Revoking birthright citizenship 'unconstitutional'

George Conway breaks with wife, calls revoking birthright citizenship 'unconstitutional'

By CAITLIN OPRYSKO

George Conway, a prominent attorney and the husband of presidential adviser Kellyanne Conway, threw cold water Tuesday on the notion that President Donald Trump could do away with the birthright citizenship guarantee in the 14th Amendment via executive order, breaking publicly with his wife's defense of Trump’s announced plan.

In an op-ed for The Washington Post, George Conway and former acting solicitor general Neal Katyal ripped Trump’s plan to end the practice of birthright citizenship by issuing an executive order interpreting the 14th Amendment to confer citizenship only to babies born on U.S. soil to parents who are in the country legally.

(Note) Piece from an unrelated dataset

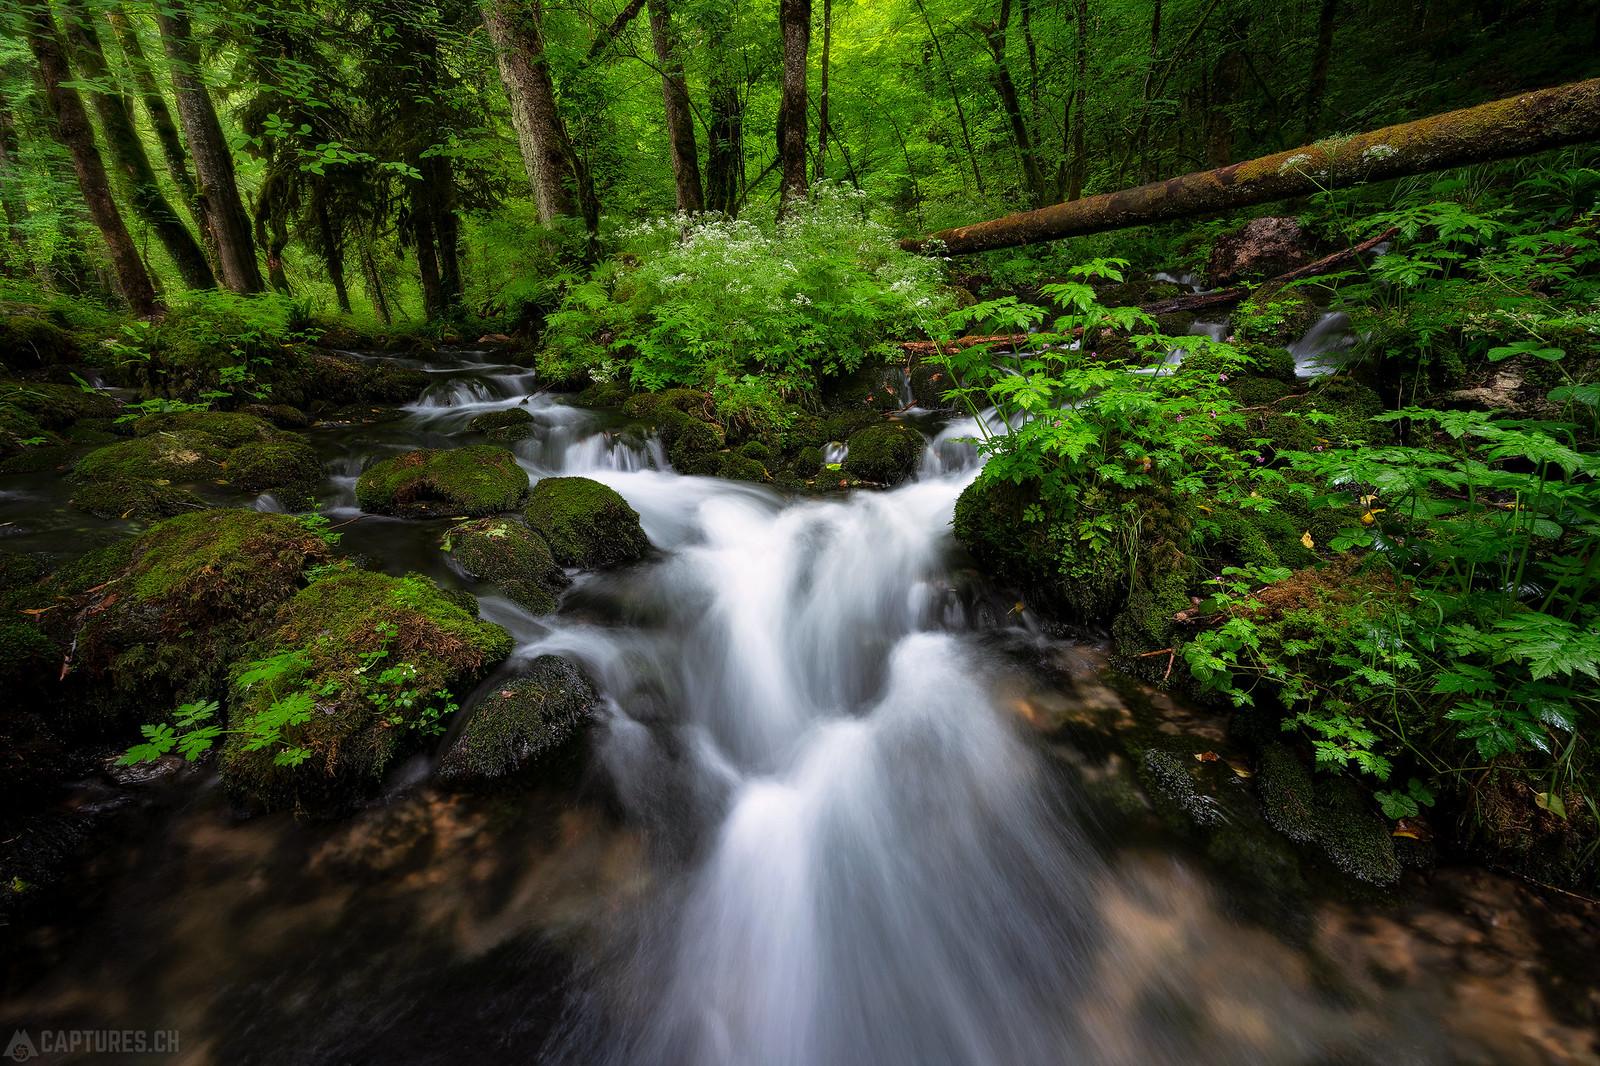 Green velvet - Gorges du Pichoux

“Sometimes the Constitution’s text is plain as day and bars what politicians seek to do,” the pair wrote. “That’s the case with President Trump’s proposal to end ‘birthright citizenship’ through an executive order. Such a move would be unconstitutional and would certainly be challenged. And the challengers would undoubtedly win.”

George Conway and Katyal, who noted in their op-ed that they sit on opposite sides of the political spectrum, are in agreement with the vast majority of legal experts who say that, even if birthright citizenship is not guaranteed by the 14th Amendment, it would take an act of Congress to amend it.

George Conway, once under consideration to be a top official at the Justice Department, is no stranger to publicly opposing the Trump administration. He has grown increasingly vocal, mostly via his Twitter account, in criticizing the president’s rhetoric and actions, often putting him at odds with his wife’s vociferous defense of Trump.

Kellyanne Conway on Tuesday defended the White House proposal, which immigration hard-liners cheered. “Many other constitutional scholars have said that the 14th Amendment has been misinterpreted or misused,” the presidential adviser told Fox News’ Bret Baier Tuesday night.

But while some have cautioned that Trump does not have the unilateral authority to end birthright citizenship, despite his claims that the White House counsel had advised him otherwise, George Conway and Katyal argued that the citizenship guarantee — even for undocumented immigrants — is settled law as written and defended the substance of the amendment as well.

“At its core, birthright citizenship is what our 14th Amendment is all about, bridging the Declaration of Independence’s promise that ‘all men are created equal’ with a constitutional commitment that all those born in the United States share in that equality,” they wrote.

“The fact that the two of us, one a conservative and the other a liberal, agree on this much despite our sharp policy differences underscores something it is critically important to remember during a time marked by so much rancor and uncivil discourse: Our Constitution is a bipartisan document, designed to endure for ages. Its words have meaning that cannot be wished away.”